13::Doce Mistério da Vida - Terceiro registro ao vivo da canção na voz de Bethânia. Os Anteriores estão em Rosa dos ventos, Maria Bethânia e Caetano Veloso e Nossos Momentos. 

CD 2 

1:: Outra Vez - É a primeira vez que Bethânia grava esta canção, um grande sucesso lançado originalmente por Roberto Carlos em 1977. 

2::Não Tenha Medo - É do compositor Miltinho Edilberto, uma das revelações do forró. Nessa versão ao vivo, a música ganha o tom e a pulsação exatos. 

3::Mel/Encouraçado - Mel deu título ao disco lançado por Bethânia em 1979, quando ela desfrutava do privilégio de ter sido a primeira mulher a romper a barreira do milhão de discos vendidos.

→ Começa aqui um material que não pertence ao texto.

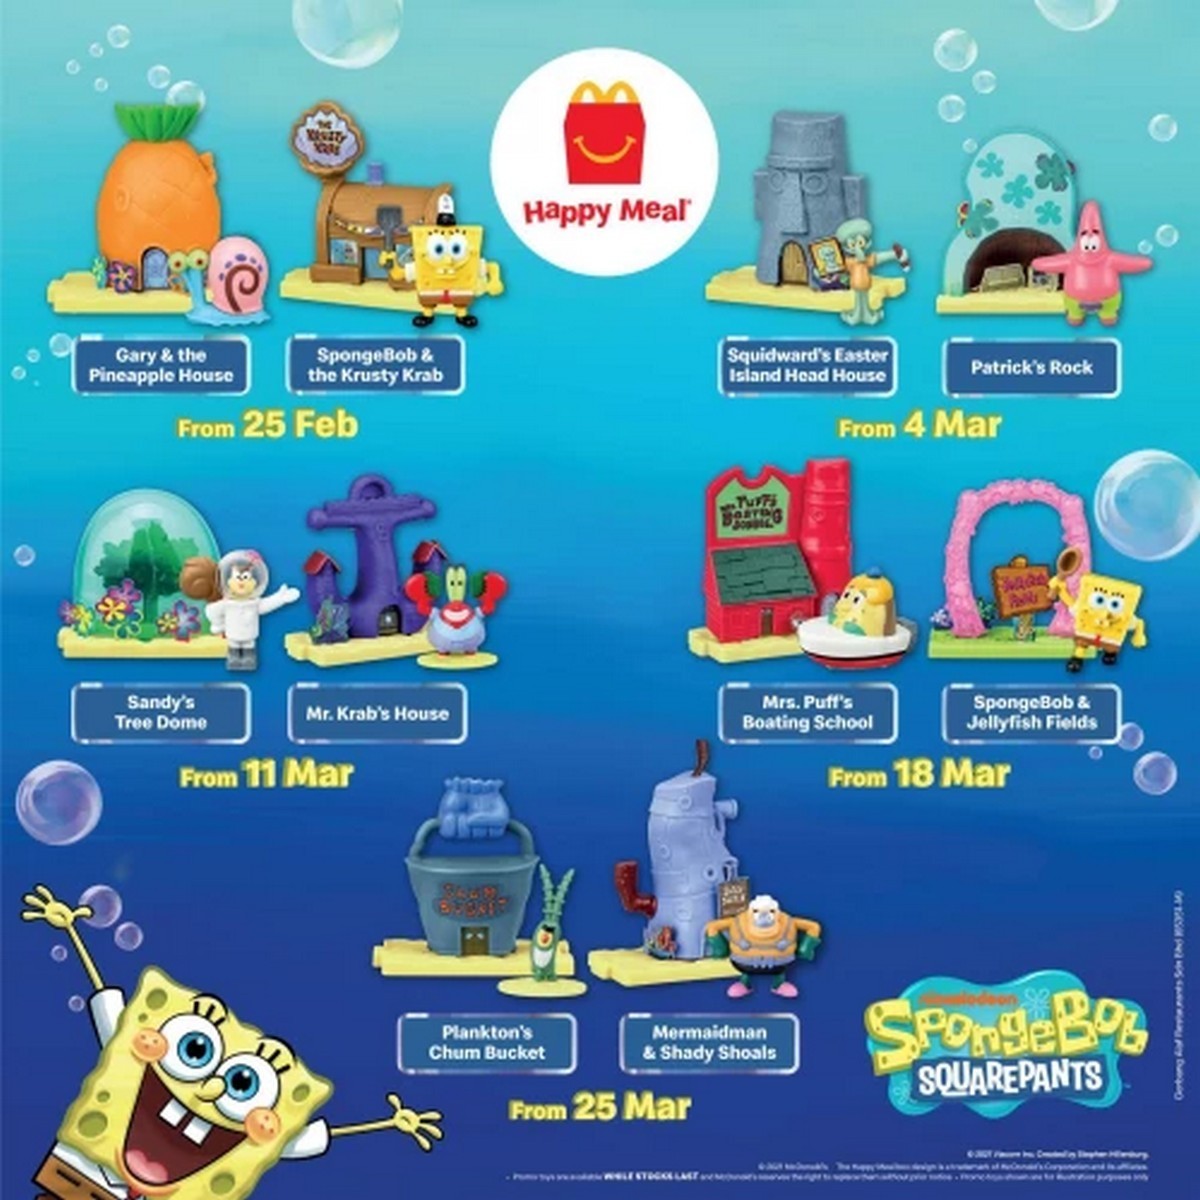 Patrick's Rock Toy McDonald's McDonalds Happy meal 2021 Spongebob Squarepants

Foi a partir dos versos do poeta Waly Salomão que Bethânia passou a ser chamada de Abelha Rainha. Encouraçado foi gravada no disco que trouxe o registro ao vivo do show A Cena Muda, em 1974. 

4::Resposta/É o Amor - A música de Maysa é uma espécie de declaração de princípios ("eu só faço aquilo de que gosto e aquilo em que creio"). Esses versos são a resposta cênica da cantora para os que a atacaram preconceituosamente pela regravação de É o Amor, o primeiro sucesso da dupla Zezé Di Camargo & Luciano, que, claro, vem logo a seguir no roteiro. 

5
::Fala Baixinho/Diamante Verdadeiro - Fala Baixinho é um choro-canção composto por Pixinguinha em 1964 com o nome de Mascate. Anos depois, ganhou letra de Hermínio Bello de Carvalho e foi rebatizado Fala Baixinho. Diamante Verdadeiro é de Caetano Veloso e abriu o disco Álibi, de 1978. Ao longo de 1979, o álbum romperia a barreira do milhão de cópias vendidas, sedimentado a carreira de Bethânia no mercado fonográfico. 

6::As Flores do Jardim da Nossa Casa - Música melancólica de Roberto Carlos, lançada pelo Rei no seu álbum de 1969, regravada por Bethânia no disco A Força que Nunca Seca e incluída no roteiro desse show. 

7::Resto de Mim/Olhos nos Olhos - O vazio dilacerado no fim de um paixão, seguido pela superação e a necessária volta por cima. A desesperançada Resto de Mim é parceria de Roberto Mendes com a poeta Ana Basbaum. Número sempre presente nos shows de Bethânia, Olhos nos Olhos é a triunfante volta por cima, captada pelo sensível olhar feminino do autor Chico Buarque. 

8::Eu Queria que Você Viesse/Sonho Meu/Vazio - Um bloco apaixonado que prepara o clima para o set mais politizado do show. Eu Queria que Você Viesse é uma toada-canção de Marisa Monte e Carlinhos Brown. Sonho Meu, saudade metaforizada para clamar pela volta dos exilados políticos no Brasil ainda amordaçado de 1978, é Dona Ivone Lara e foi um dos grandes sucessos do disco Álibi. Já Vazio (Está Faltando uma Coisa em Mim), de Nelson Rufino, foi sucesso nacional na voz de Roberto Ribeiro em 1979. É a primeira vez que Bethânia canta a música num show. 

9::Marginália II/A Força que Nunca Seca - O terceiro bloco temático do show denuncia o caos social e político do País. Marginália II, música de Gilberto Gil lançada pelo autor no seu segundo disco solo, de 1968, não isenta nenhum brasileiro da culpa pela situação denunciada com sublime poesia na música A Força que Nunca Seca, parceria de Chico César com a estreante Vanessa da Matta. 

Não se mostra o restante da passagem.